To combat the first issue, I think it's best if we go on a per-package basis; don't move all packages at once. We only move a package when the people working on said package (if any) give the green light. This should prevent messing up existing branches as much as possible. This is also one of the reasons why #813 is important; the fewer active branches we have, the less there is to mess up.
We also don't do everything and once. First, we move stuff around, and then at a later stage, we can look at improving the actual content. This allows for easier backtracking in case things go wrong, and also allows us to utilise .git-blame-ignore-revs
to prevent messing up git blame
. Additionally, to preserve the git history, we execute the move of files first in a single commit (using git mv
) and then later make the fixes. This should allow Git to properly track the renames.
Stage 1: Moving things around
Start by simply moving the packages into this structure. Concretely that means:
- Moving
packageX
topackages/packageX
- Separate out the headers currently used by other packages and put them in
include/
- Update the
CMakeLists.txt
(of both the package and the packages using this package) so that import statements don't need to be updated.
Notes:
- The move should be a single commit, where all the moving is done using
git mv
. - The next commit should be any potential fixes to get the new location to work.
- The first commit should be added to the
.git-blame-ignore-revs
file. As such, initially, each MR should consist of two commits.
Stage 2: Cleaning up each package
Once all packages have been moved, we can start with:
- looking at improving the grouping of files within a package. This should only result in files moving and import statements being updated. As we have separated out the public interface, this does not affect other packages. This should once again be a commit that is added to the
.git-blame-ignore-revs
. - Separating out the tests from the source code (if relevant)
- Removing old files (e.g. leftover pdf files or similar).
- Cleaning up the
CMakeLists.txt
. - Adding a (very) brief description to the README
Again, this is done on a per-package basis and not all at once.

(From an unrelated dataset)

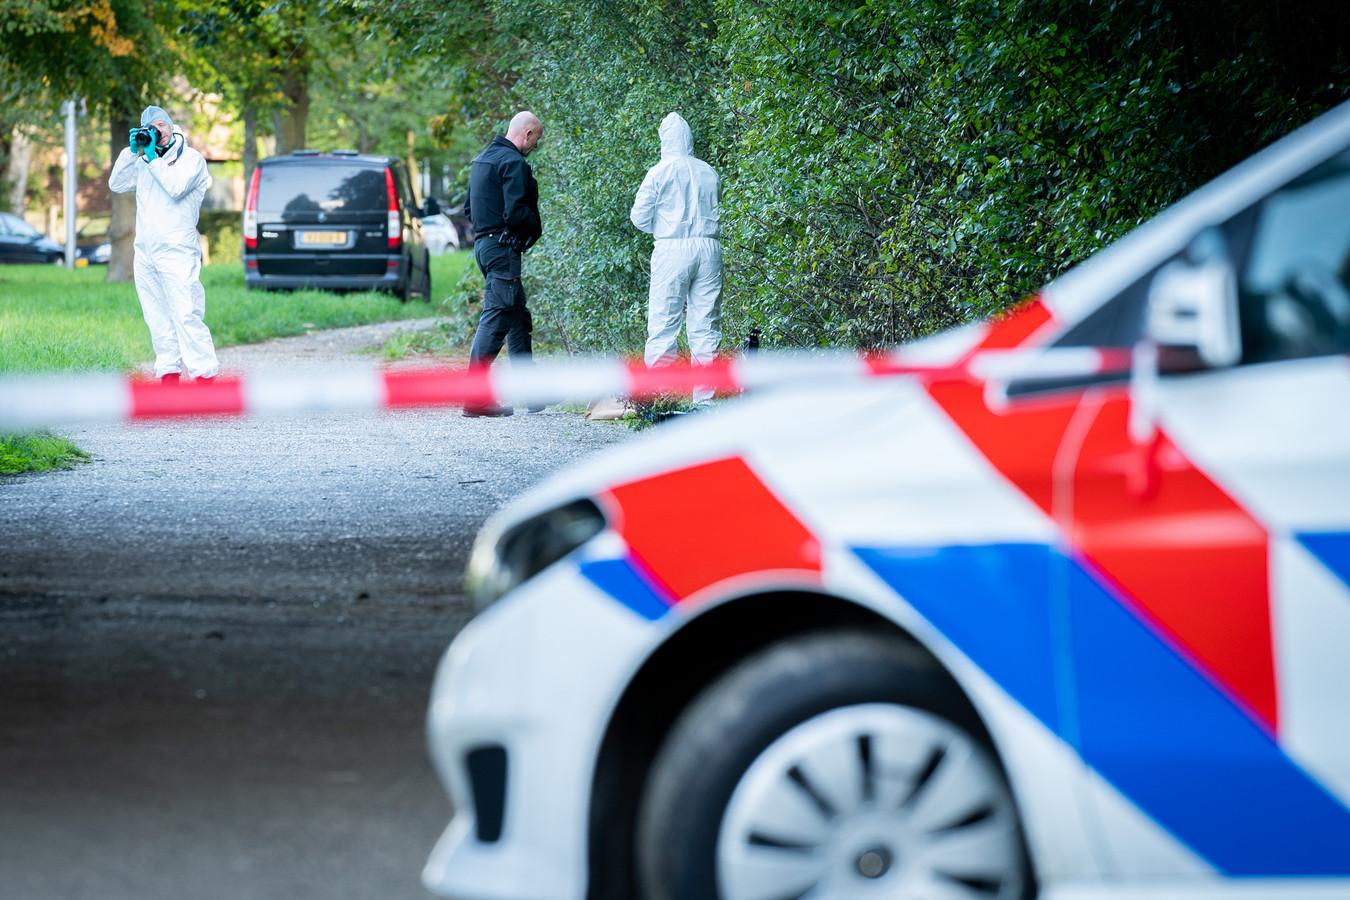 Onderzoek naar aanleiding van een verdachte situatie vorig jaar bij het Beatrixpark in Lunetten, waar de vrouwenbelager eerder had toegeslagen.

Stage 3: Improve dependencies
At this point, we should have a look at the public interface of each package and see whether it is what we want it to be. Does a package have more dependencies than it needs? Is there a way that we can simplify things? This last stage is rather open, but at least it is now easier to do a proper review of the dependencies and add this to the documentation.
Conclusion
All in all, I think this is an important step to make for the long-term health of the project. I know I have been proposing quite a few refactorings lately, but things such as this can make a significant positive long-term impact for (comparatively) little effort. I can take the lead on this, as this is also a nice way to get more familiar with all the components in the project, making me a more efficient dev in the future : )
Thank you for reading my manifesto.
Further suggestions and criticisms are of course welcome.